15. The fracturing apparatus (200) of claim 14,

a temperature sensor is provided on each of the to-be-heated portions (2400), and the automatic control system (2900) can automatically control heating of each of the to-be-heated portions (2400) by the temperature fed back by the temperature sensor.

16. The fracturing apparatus (200) of claim 14,

a temperature sensor is arranged on each part to be heated (2400), a ball valve is arranged on the medium confluence part (2500), the ball valve can control whether the heating pipeline of each part to be heated (2400) circulates, and the automatic control system (2900) can automatically control the opening and closing of the ball valve through the temperature fed back by the temperature sensor, so that the heating of each part to be heated is automatically controlled.

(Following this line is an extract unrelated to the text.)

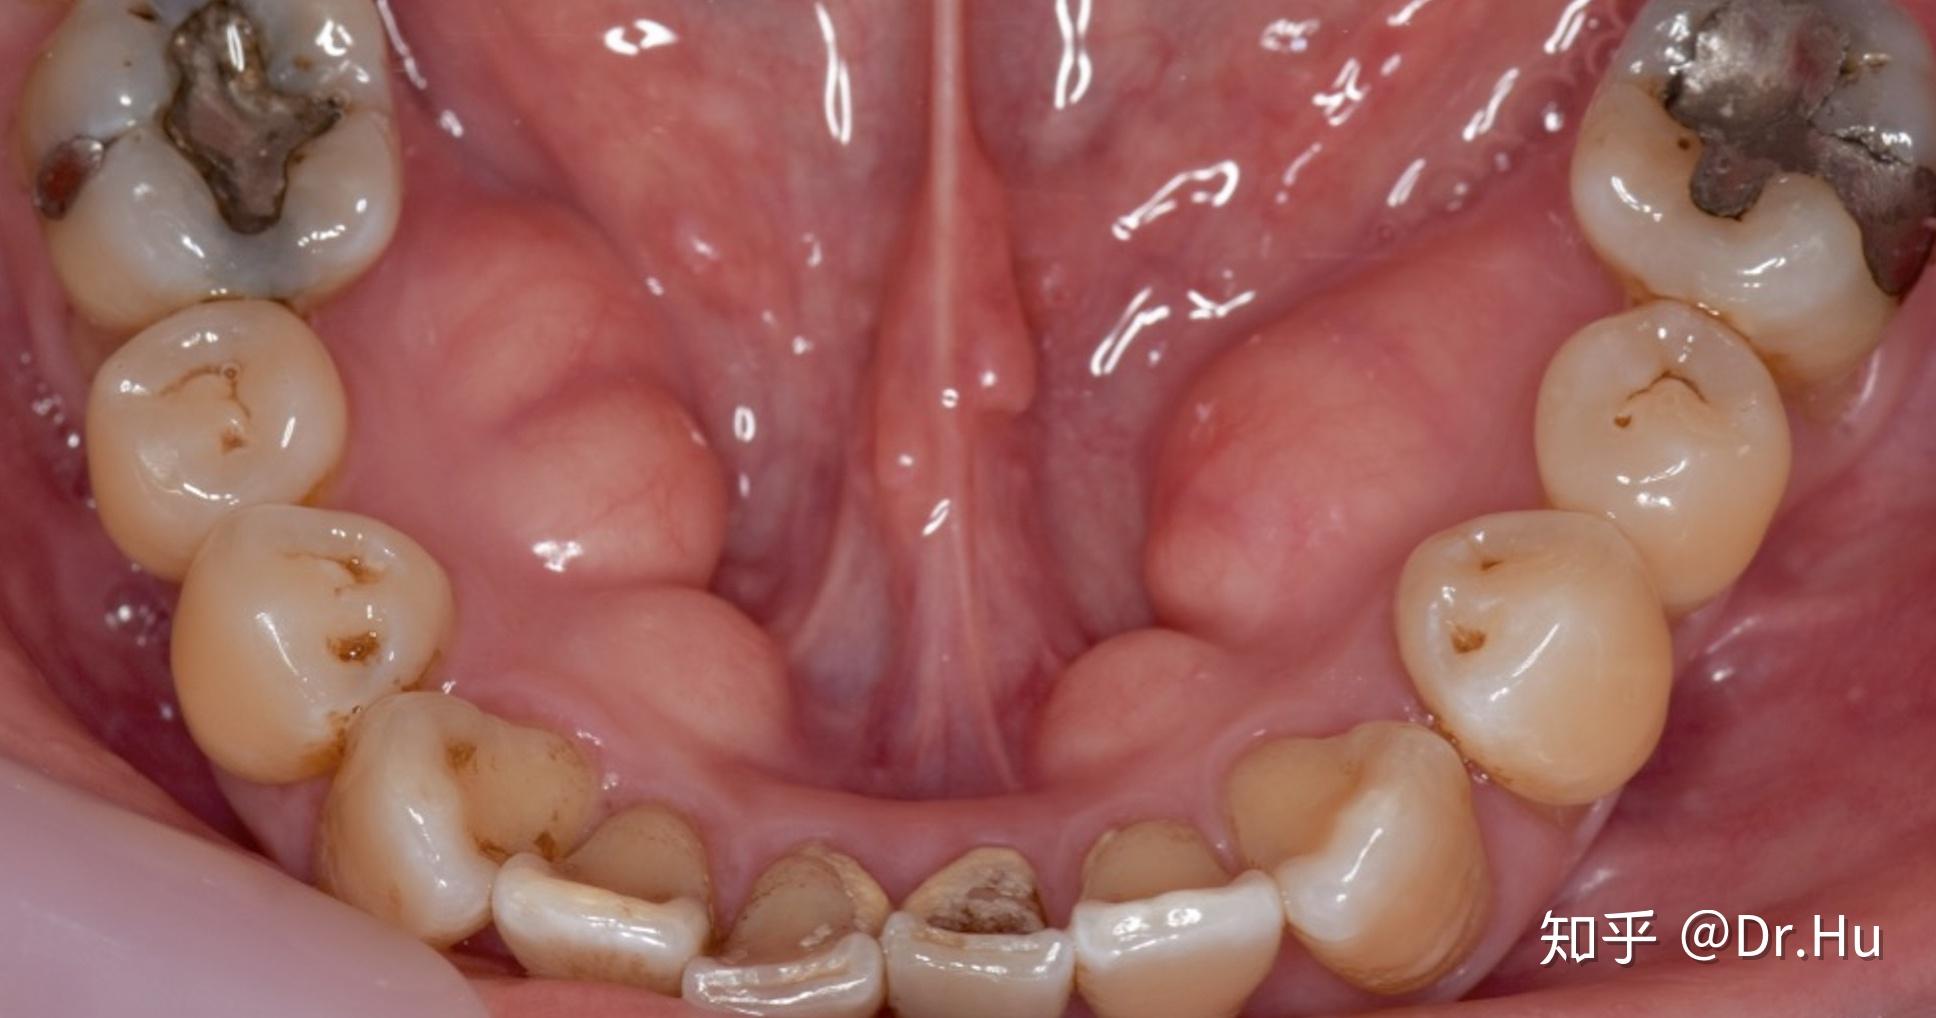 下牙龈处下颚内测左右两边各有一个鼓包是什么,知乎有专家知道吗?

17. The fracturing apparatus (200) of claim 1,

the fracturing equipment (200) further comprises a turbine engine (220), the turbine engine (200) comprises an air inlet cabin body (2201), and an inertial separator (2202) and a filter (2203) are sequentially arranged in the air inlet cabin body (2201) along the direction from the outer side close to the wall of the cabin body to the center of the cabin body.

18. The fracturing apparatus (200) of claim 17,

the heating system comprises a heating device (2204, 2204 ') disposed within the air intake compartment (2201), the heating device (2204, 2204') being capable of being disposed at a location outside the inertial separator (2202) or between the inertial separator (2202) and the filter (2203).

19. The fracturing apparatus (200) of claim 18,

the air intake cabin (2201) is further provided with a temperature sensor (2205) and a differential pressure sensor (2206), wherein the temperature sensor (2205) can detect the temperature of the environment, and the differential pressure sensor (2206) can detect the intake differential pressure of the air entering the air intake cabin (2201) from the environment.

20. The fracturing apparatus (200) of claim 18,

the heating device (2204, 2204') is an instantaneous electric heater or a heat exchanger heated by a circulating medium.

21. The fracturing apparatus (200) of claim 19,

the fracturing apparatus (200) further comprises an automatic control system (2900), wherein the automatic control system (2900) automatically controls the heating of the heating devices (2204, 2204') according to the temperature fed back by the temperature sensor (2205) and the pressure difference fed back by the pressure difference sensor (2206).